The FOI requires public bodies throughout the UK to make information available to all those who request it subject to a few limited exceptions.
This obligation to disclose information to all comers could extend to details of pitches made by potential suppliers to public bodies and the fear is that competing law firms could extract all sorts of sensitive information about their competitors' charging rates and other financial data simply by lodging a request with the relevant public body.
The pre-emptive measures being taken by some law practices include a much more rigorous approach to designating proposals made to public bodies as "highly confidential".
Why this matters:
There is no reason why the above considerations should not apply equally in cases where marketing services suppliers are pitching to public bodies for business. It must be borne in mind, however, that there are exemptions to the obligation on public bodies to disclose information requested. Perhaps the most relevant example in these cases will be the exemption given to information provided to a public authority "in confidence."
This confidentiality exemption has two parts. Firstly the public authority must have obtained information from another person and secondly the disclosure must be capable of giving rise to an actionable breach of confidence.

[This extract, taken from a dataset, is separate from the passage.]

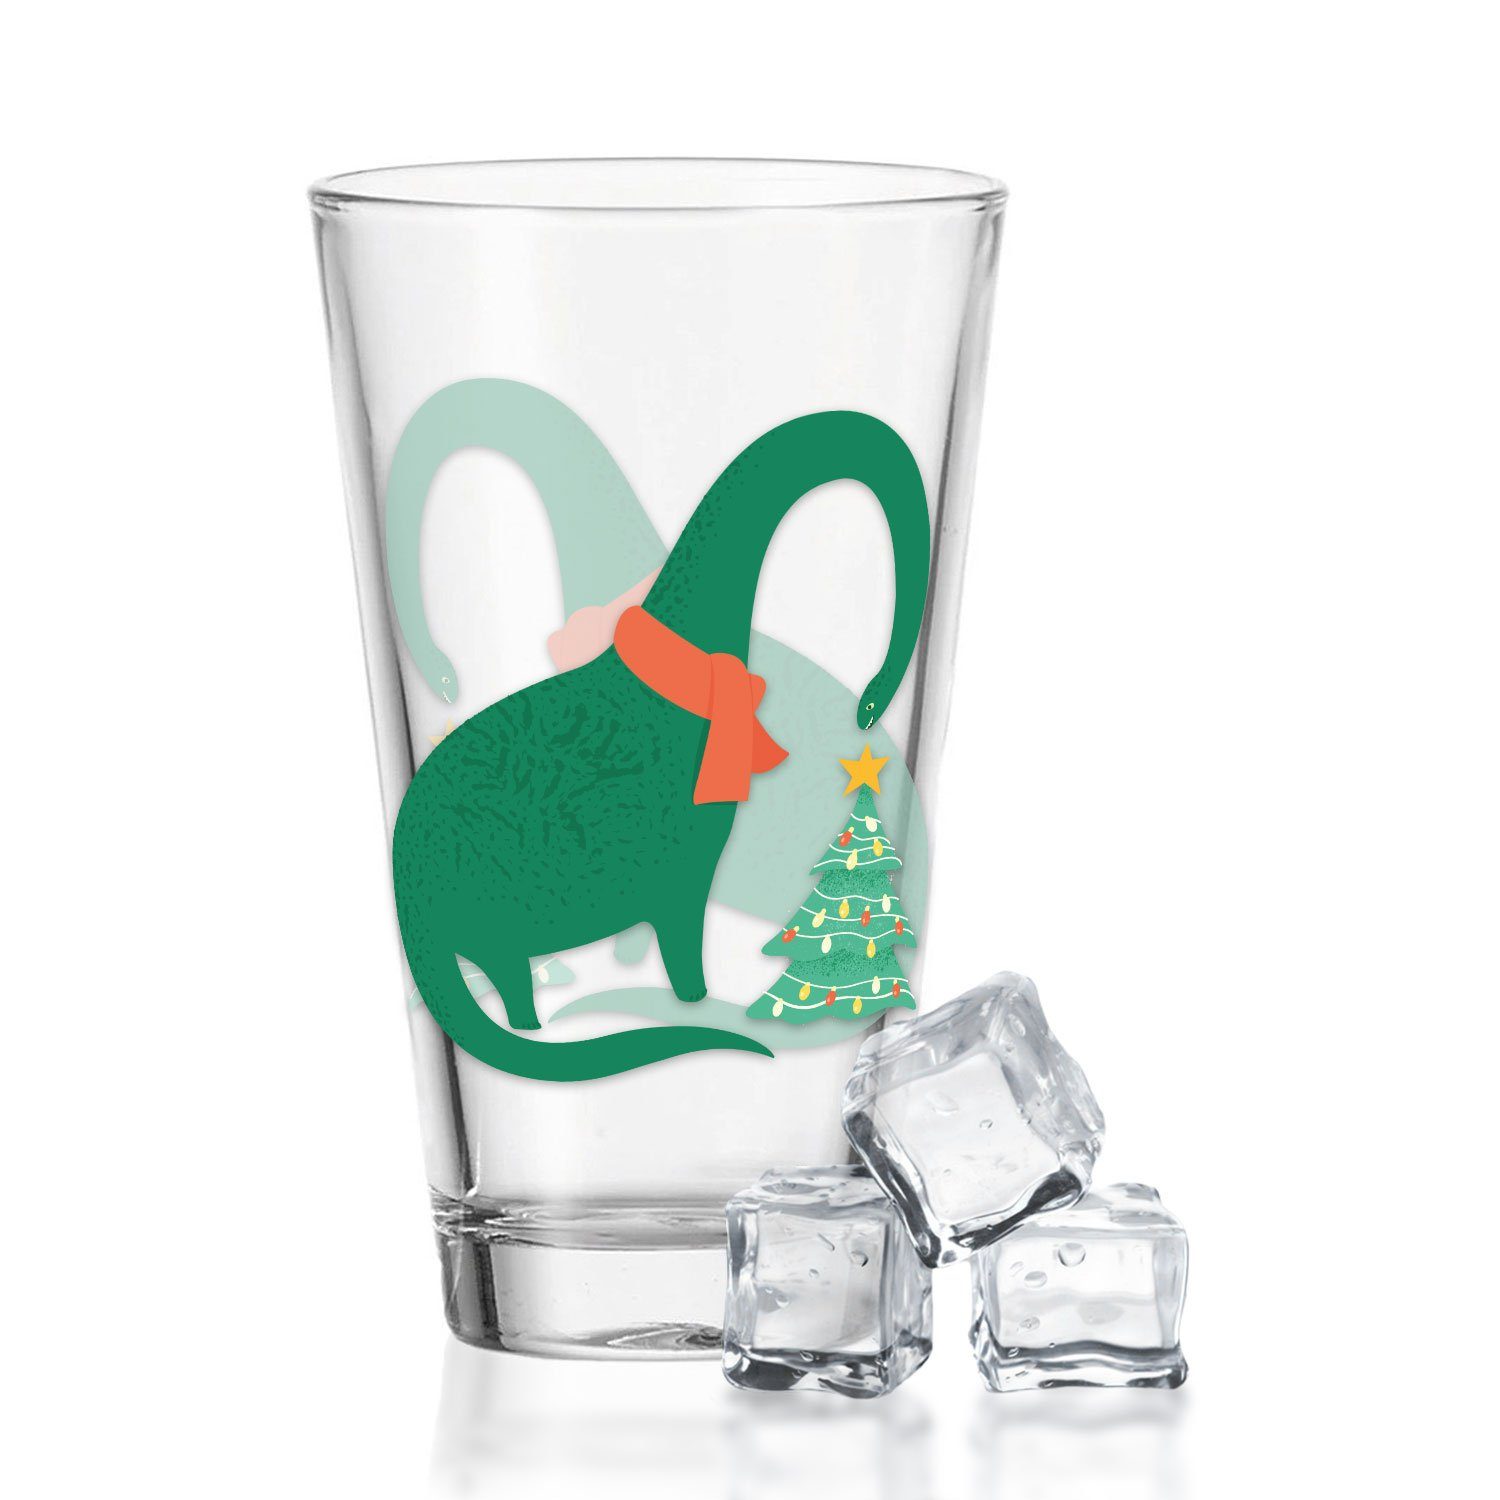 GRAVURZEILE Glas mit UV Druck Weihnachtsmotiv - Santalanghals, Weihnachtsdeko - Geschenke für Jungen und Mädchen, Zur Weihnachtszeit zum Wichteln und als Geschenk für Kinder

On the face of it, both of these components would appear to apply in a pitch situation, even without the pitching company stating on its slides, for example, that the information being submitted is "highly confidential."
On the other hand, the Codes issued in this area by the Office of the Information Commissioner clearly indicate that agencies contemplating a pitch to a public body would be best advised to negotiate explicit confidentiality agreements with the prospective client. Under the code such agreements should identify what information is confidential, give the reasons for the confidentiality and specify in what circumstances or after what period of time the information may cease to be confidential.
This "confidentiality" exemption is what is called an "absolute exemption", which is therefore theoretically not exposed to being eroded by public interest considerations (in contrast to the considerations of public interest that recently defeated the Beckhams' attempts to gag their former nanny's revelations on grounds of breach of confidence).
There are also other exemptions which might apply in a pitching scenario, for instance, the "commercial interests" exemption. This exemption, however, is not an absolute, but a qualified exemption, which means it is susceptible to being overturned on the basis of an overriding public interest argument.